▶ [Supplied material]:
::::::::::
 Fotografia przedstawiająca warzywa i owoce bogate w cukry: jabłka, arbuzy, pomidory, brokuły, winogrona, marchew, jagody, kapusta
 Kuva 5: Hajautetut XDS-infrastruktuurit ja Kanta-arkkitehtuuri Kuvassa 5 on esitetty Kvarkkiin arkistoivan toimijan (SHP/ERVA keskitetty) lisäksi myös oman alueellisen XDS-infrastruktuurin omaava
::::::::::
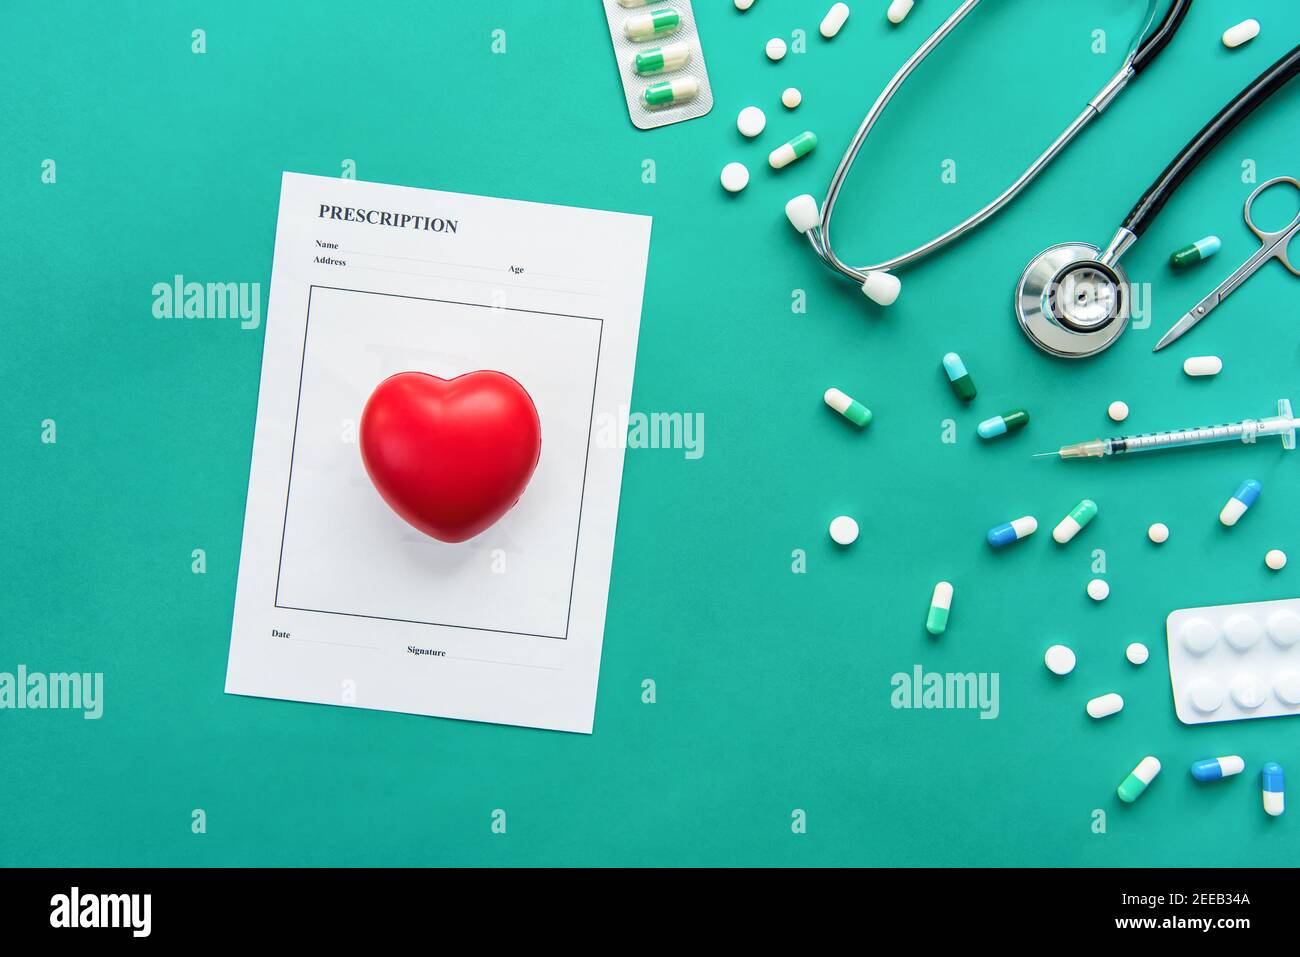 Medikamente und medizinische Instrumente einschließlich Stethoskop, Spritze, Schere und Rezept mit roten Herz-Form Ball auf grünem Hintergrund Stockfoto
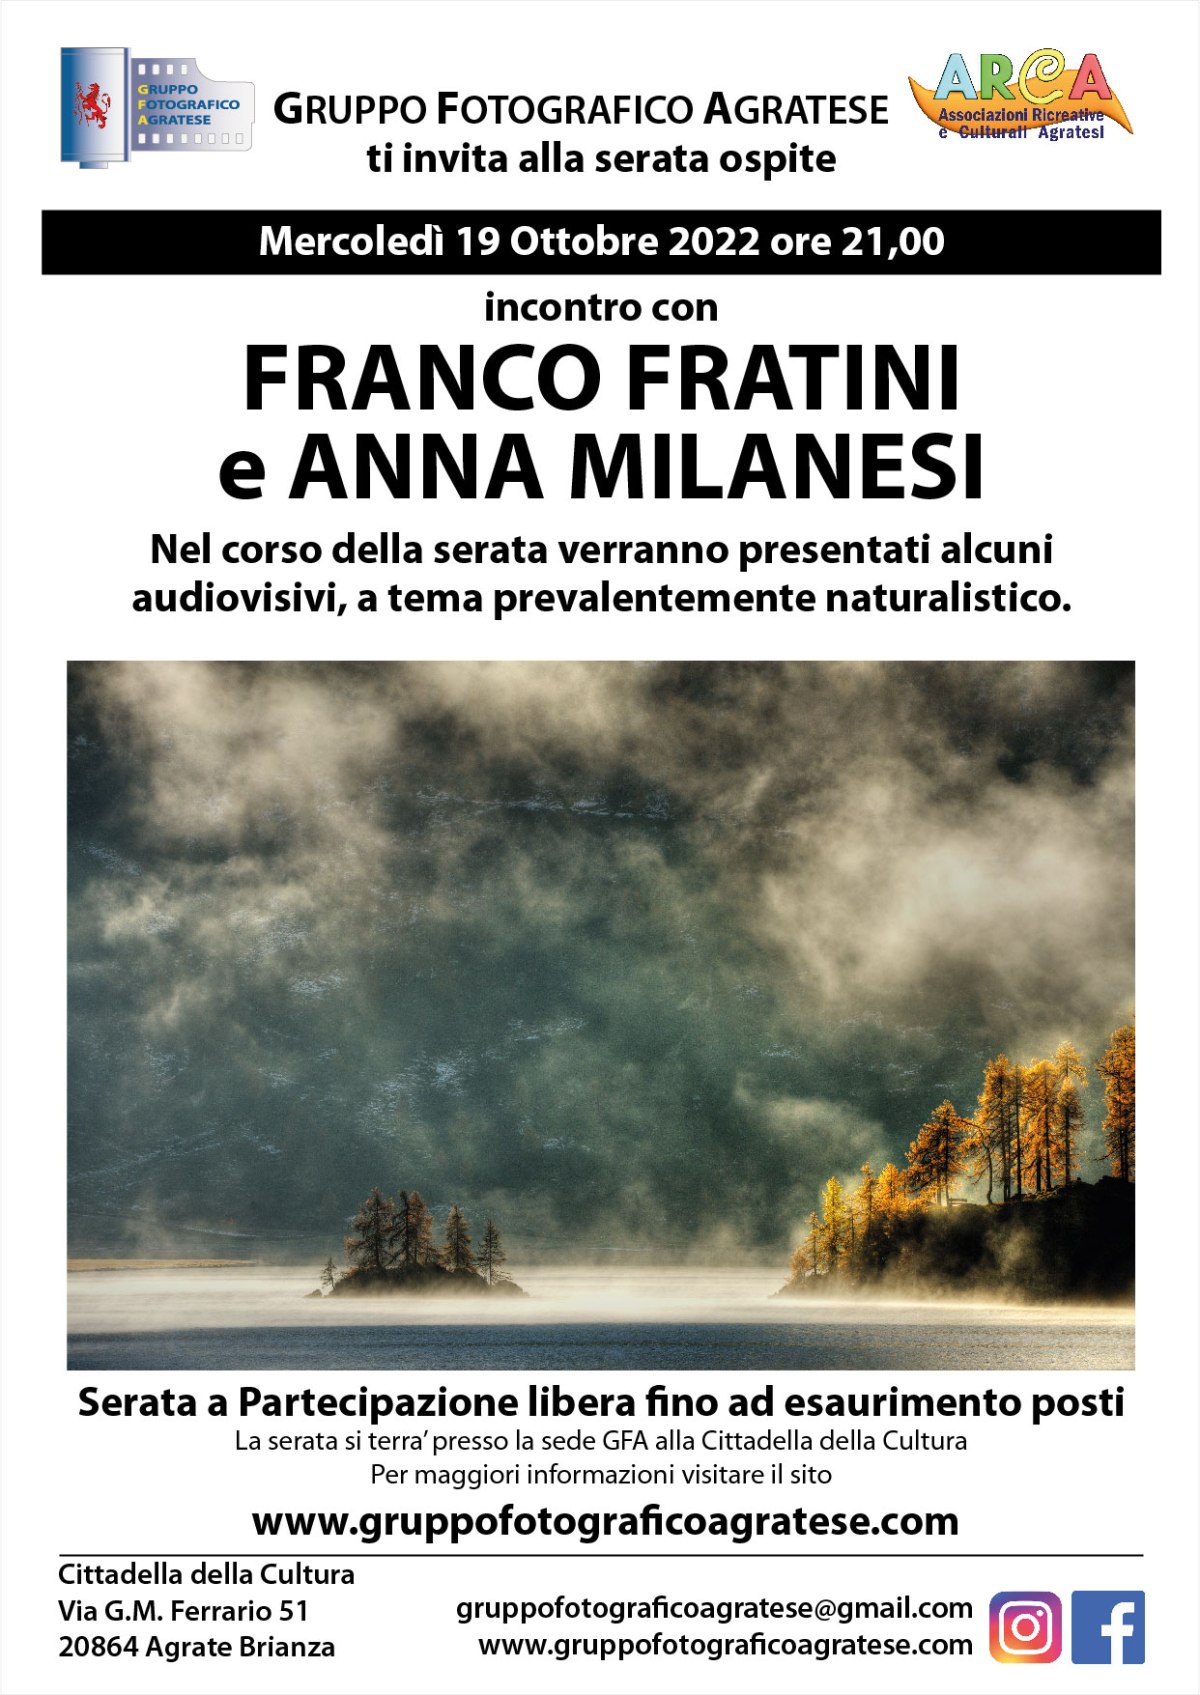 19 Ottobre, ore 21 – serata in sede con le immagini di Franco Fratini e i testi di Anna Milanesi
::::::::::
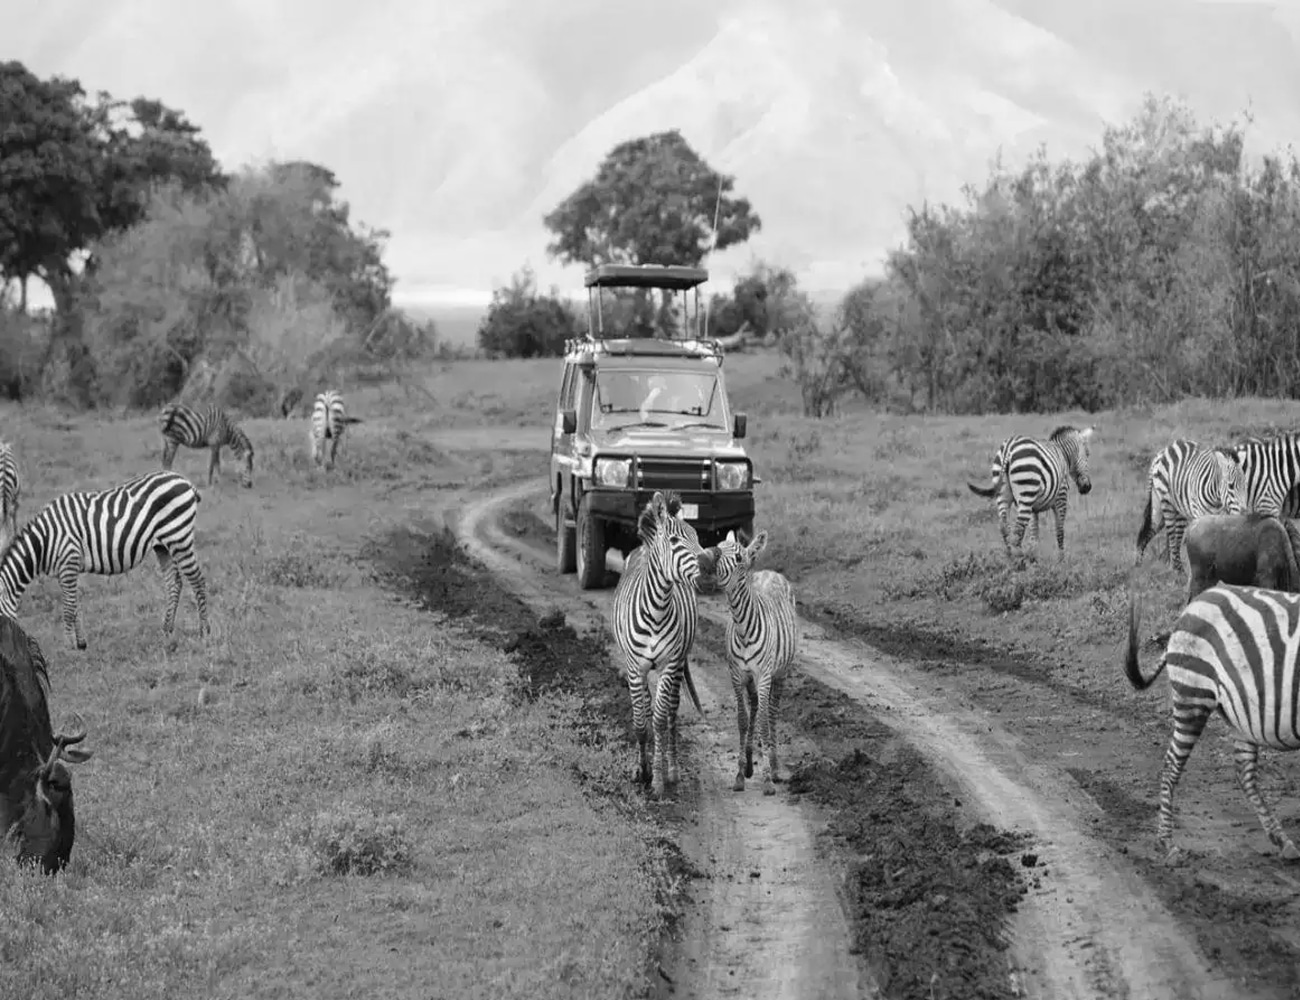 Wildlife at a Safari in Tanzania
::::::::::
▶ [Your instructions]: Take the lines above from the one containing "Fotografia przedstawiająca warzywa" down to the one containing "Kuva 5: Hajautetut", and transcribe them exactly, both ends included.

▶ [Completed exercise]:
 Fotografia przedstawiająca warzywa i owoce bogate w cukry: jabłka, arbuzy, pomidory, brokuły, winogrona, marchew, jagody, kapusta
 Kuva 5: Hajautetut XDS-infrastruktuurit ja Kanta-arkkitehtuuri Kuvassa 5 on esitetty Kvarkkiin arkistoivan toimijan (SHP/ERVA keskitetty) lisäksi myös oman alueellisen XDS-infrastruktuurin omaava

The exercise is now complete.